╭─ Recorded data

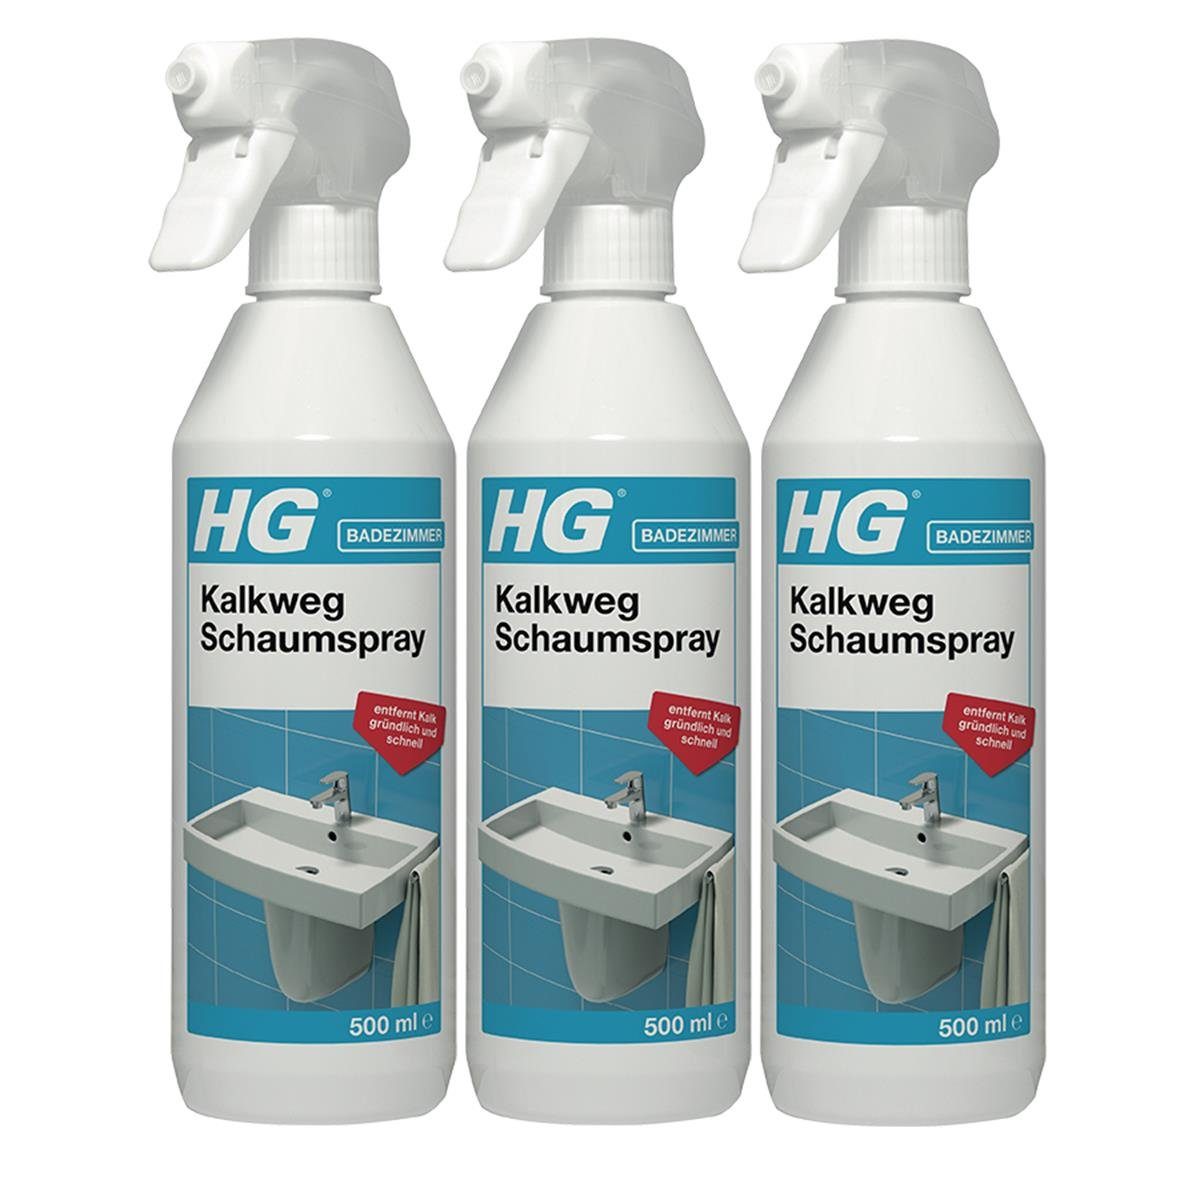 HG HG Kalkweg Schaumspray 500ml - Entfernt Kalk gründlich (3er Pack) Badreiniger
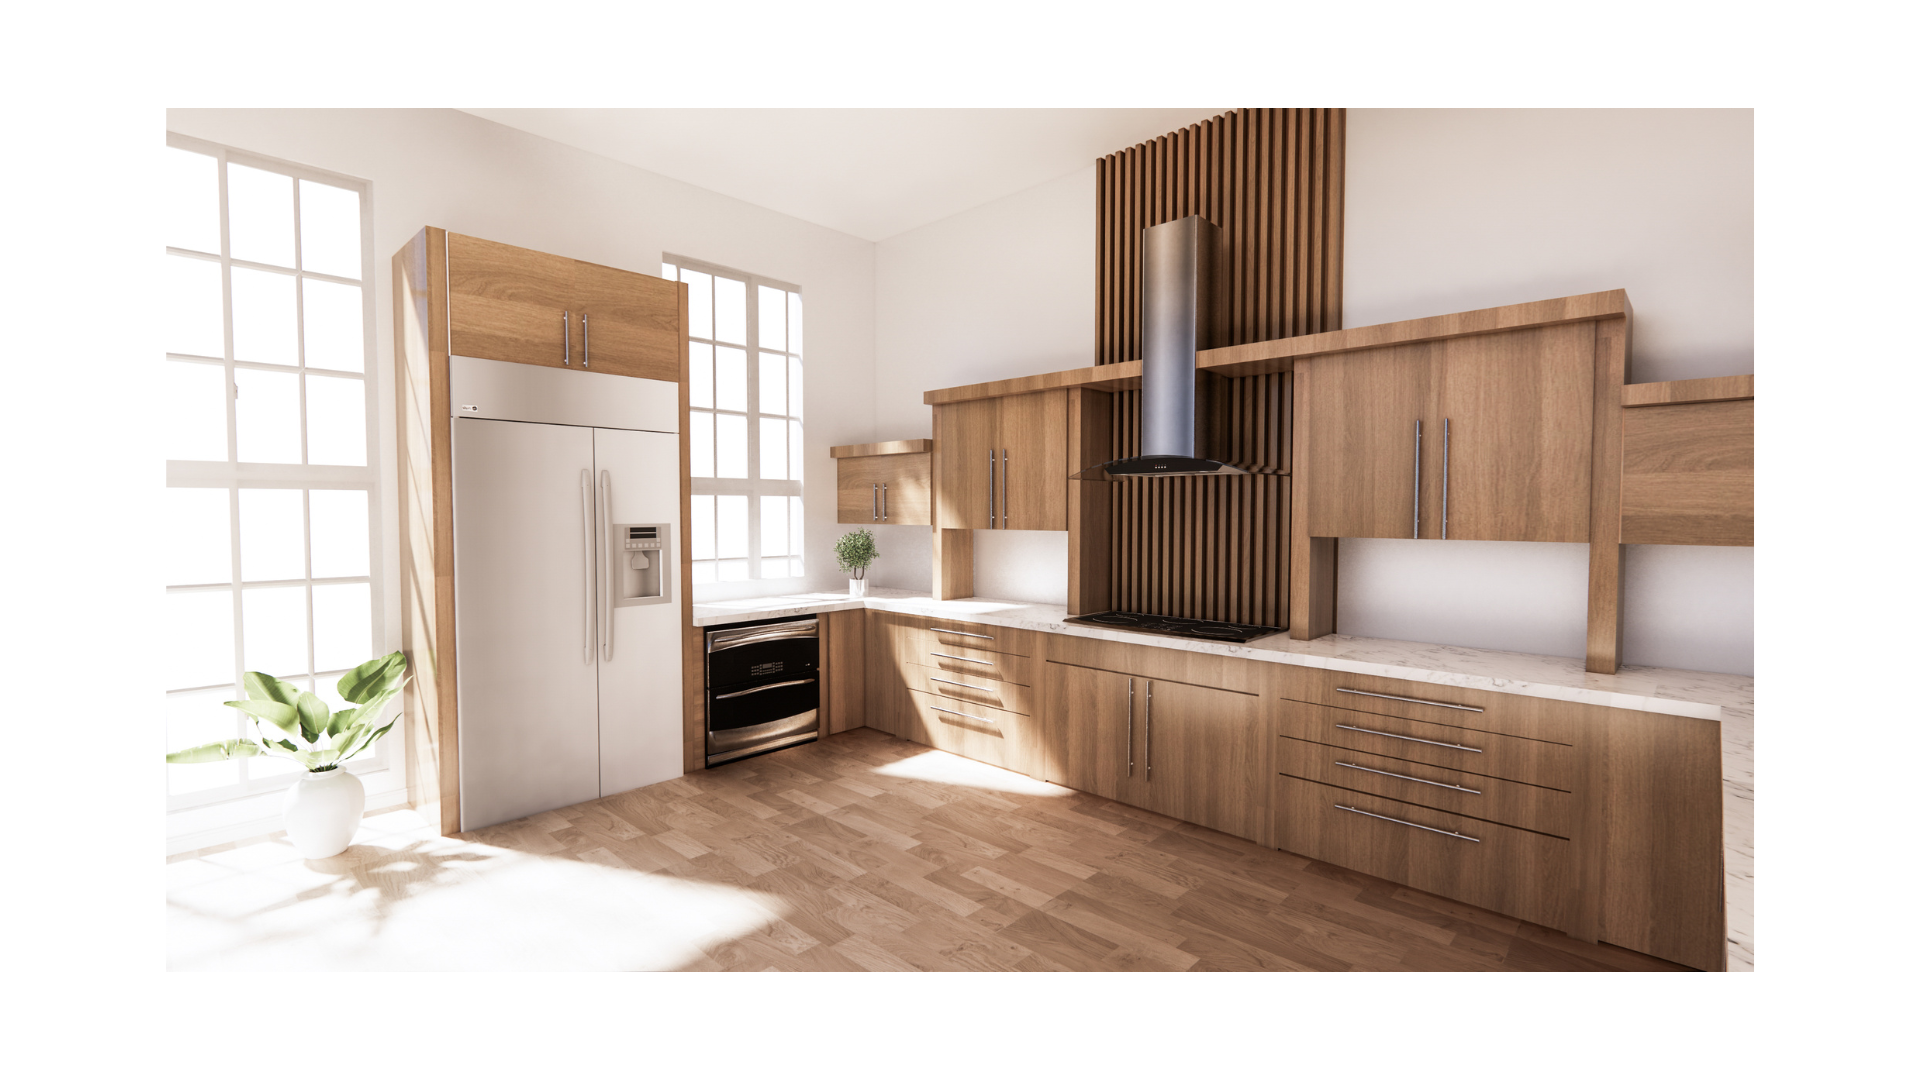 intergrated fridge in modern kitchen design
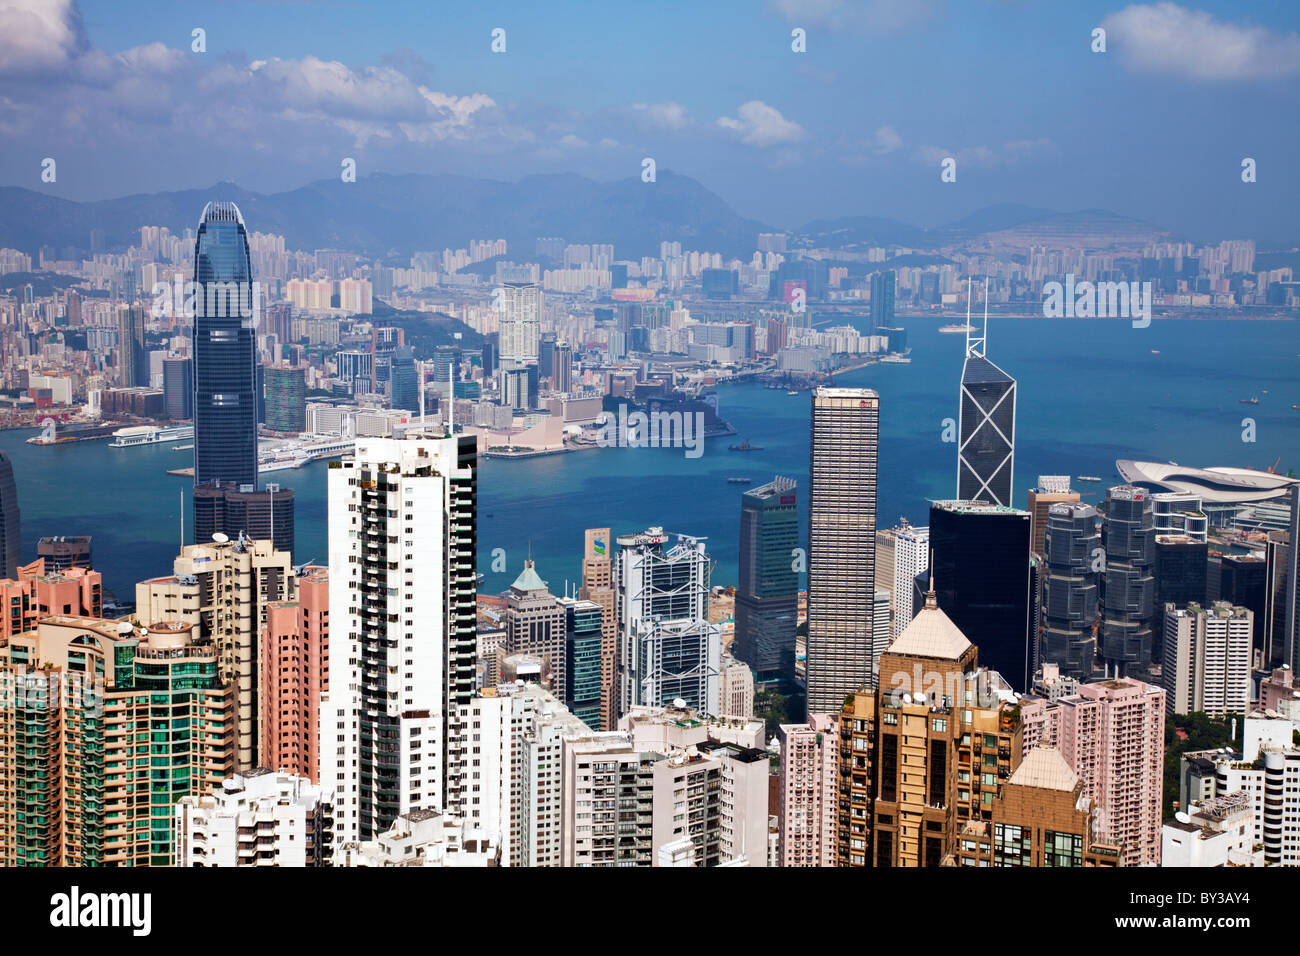 Die erstaunliche Hong Kong Skyline wie gesehen von oben in den Tag. Stadtbild von Hochhäusern & Kowloon Hong Kong Victoria Harbour Stockfoto

╰─

Exercise: Drop the pictures and reproduce the rest of the data exactly.

Result of the exercise:
 HG HG Kalkweg Schaumspray 500ml - Entfernt Kalk gründlich (3er Pack) Badreiniger
 intergrated fridge in modern kitchen design
 Die erstaunliche Hong Kong Skyline wie gesehen von oben in den Tag. Stadtbild von Hochhäusern & Kowloon Hong Kong Victoria Harbour Stockfoto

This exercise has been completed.